> _WHAT YOU SHOULD DO_: Return the data below exactly, minus the pictures.

> _SUPPLIED MATERIAL_:
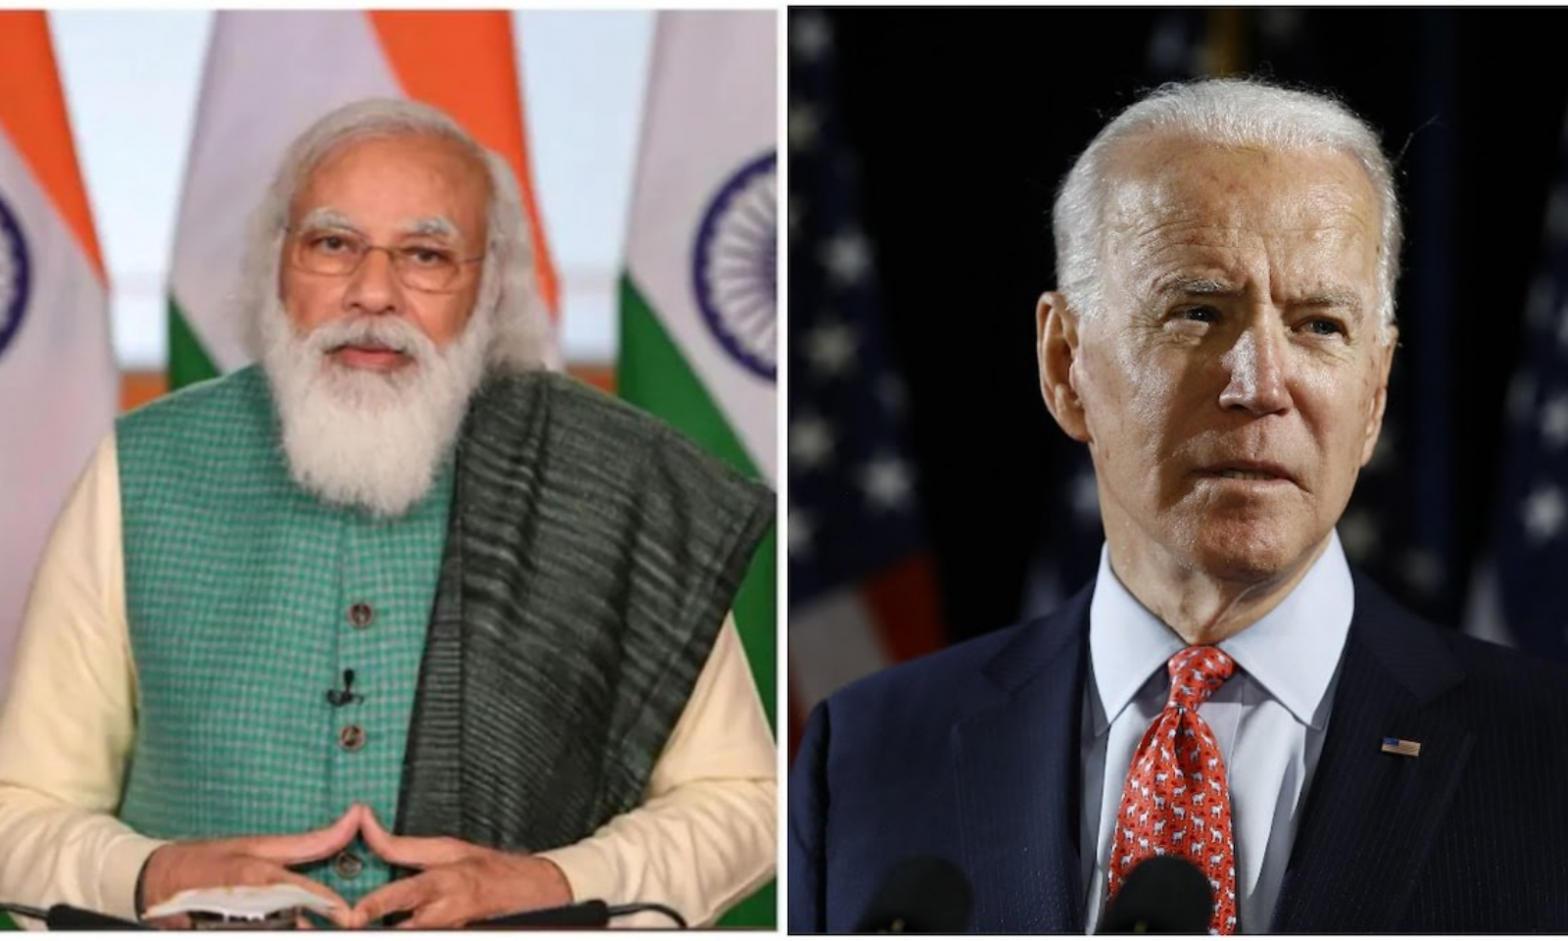 PM Modi Participates in Leaders' Summit on Climate | জলবায়ু সম্পর্কিত নেতাদের শীর্ষ সম্মেলনে প্রধানমন্ত্রী মোদি অংশ নিয়েছেন _40.1
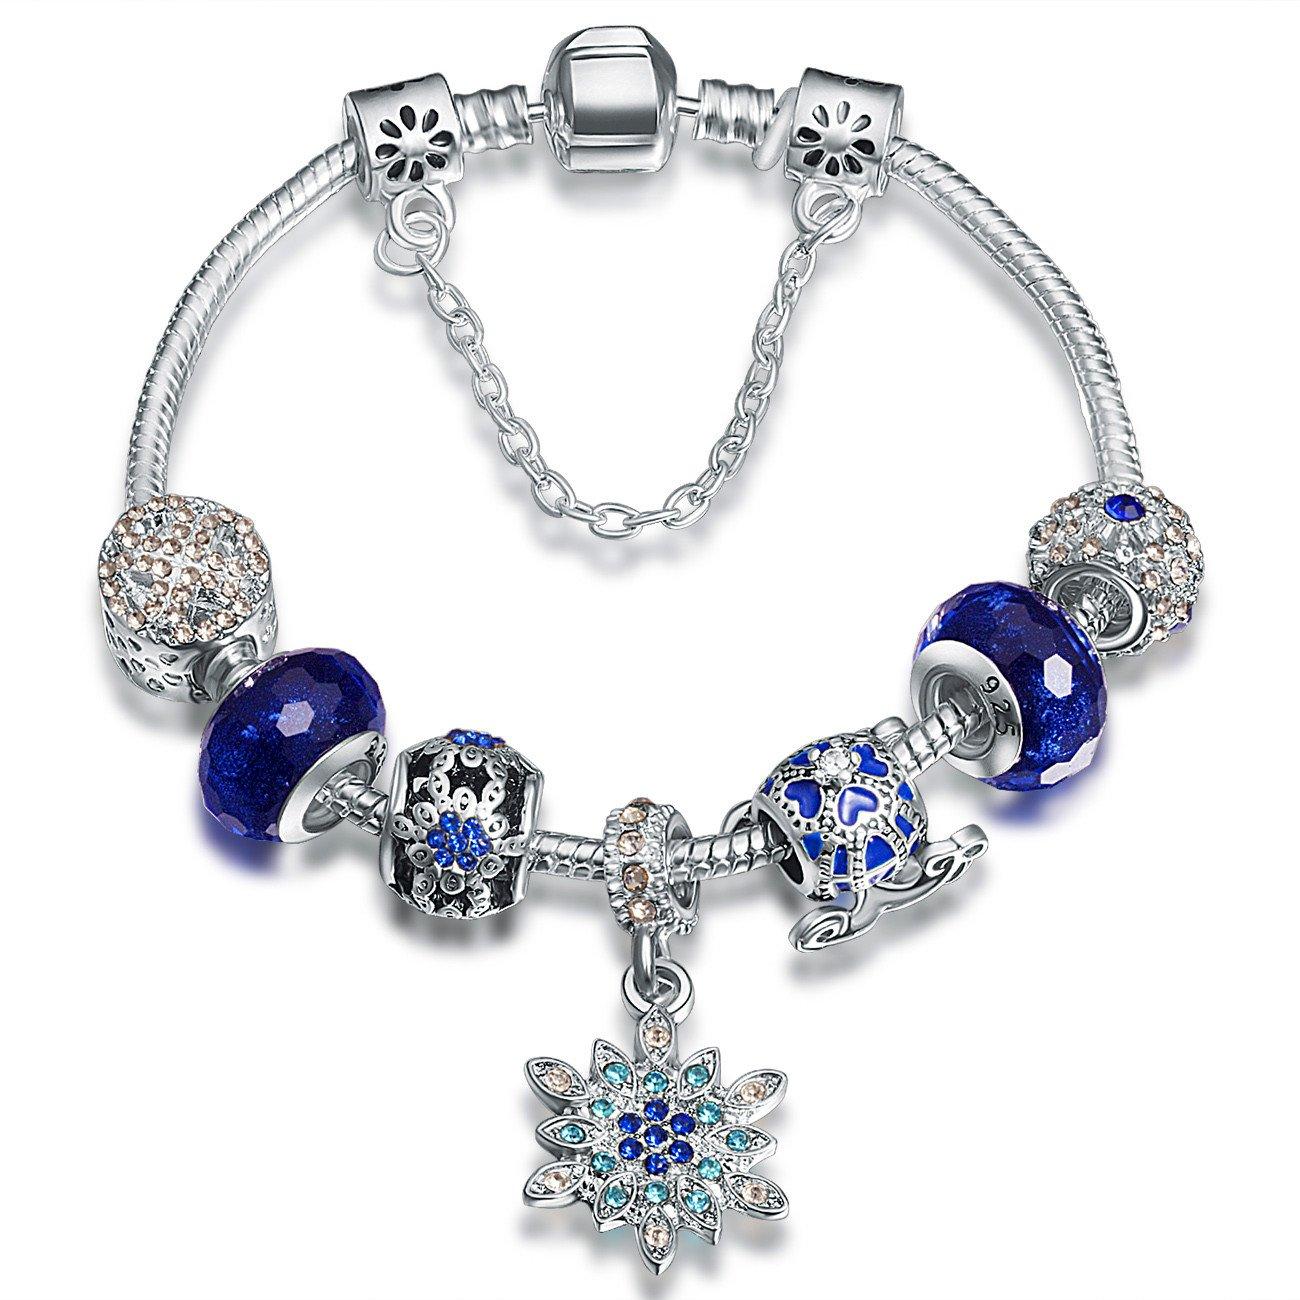 ATE Charm Bracelet Crystal Murano Glass Beads Women Gifts JW-B180 (Blue3)
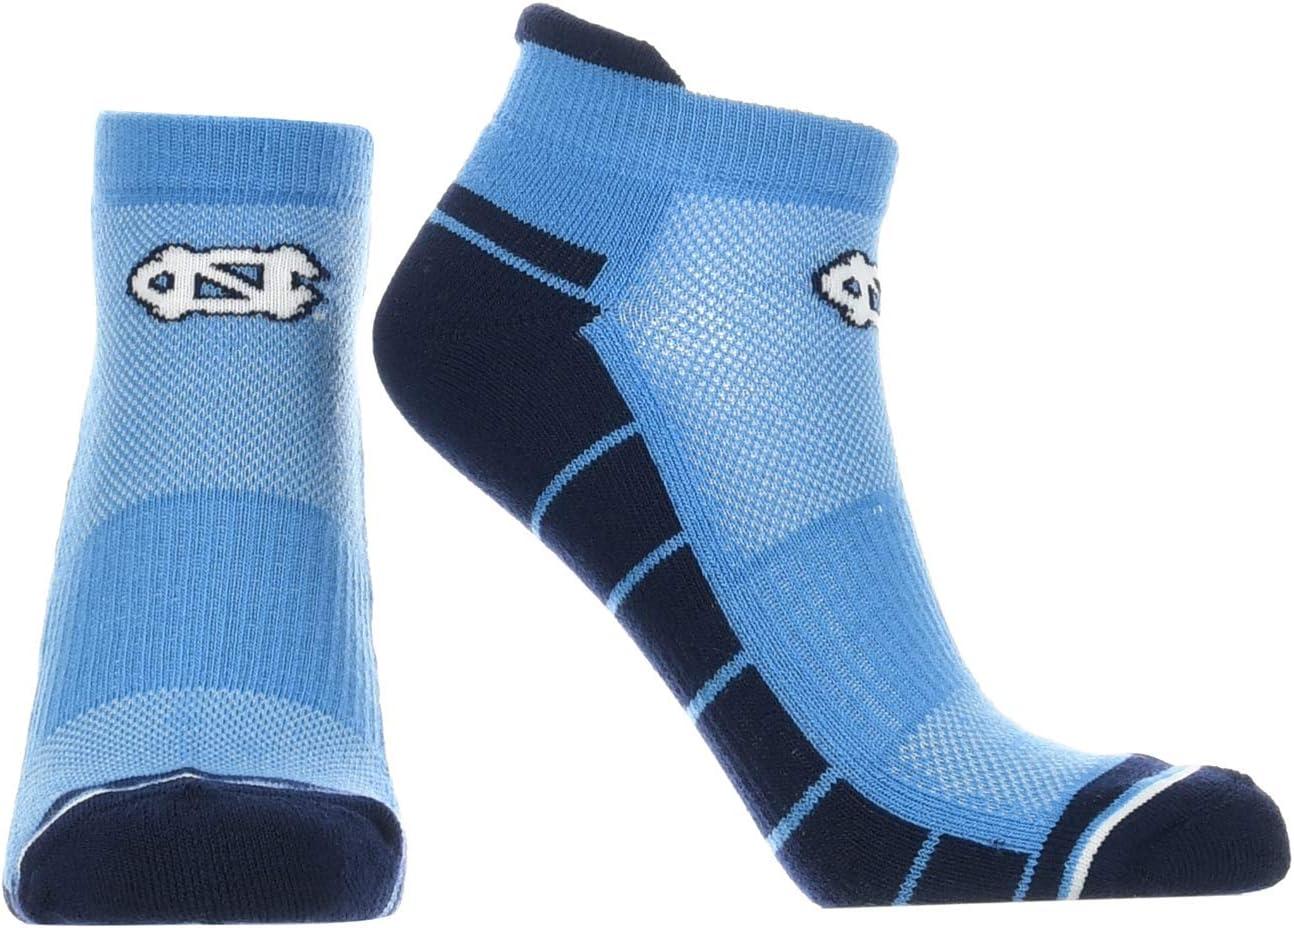 NCAA Womens Low Cut Performance Sock

> _ANSWER SPACE_:
 PM Modi Participates in Leaders' Summit on Climate | জলবায়ু সম্পর্কিত নেতাদের শীর্ষ সম্মেলনে প্রধানমন্ত্রী মোদি অংশ নিয়েছেন _40.1
 ATE Charm Bracelet Crystal Murano Glass Beads Women Gifts JW-B180 (Blue3)
 NCAA Womens Low Cut Performance Sock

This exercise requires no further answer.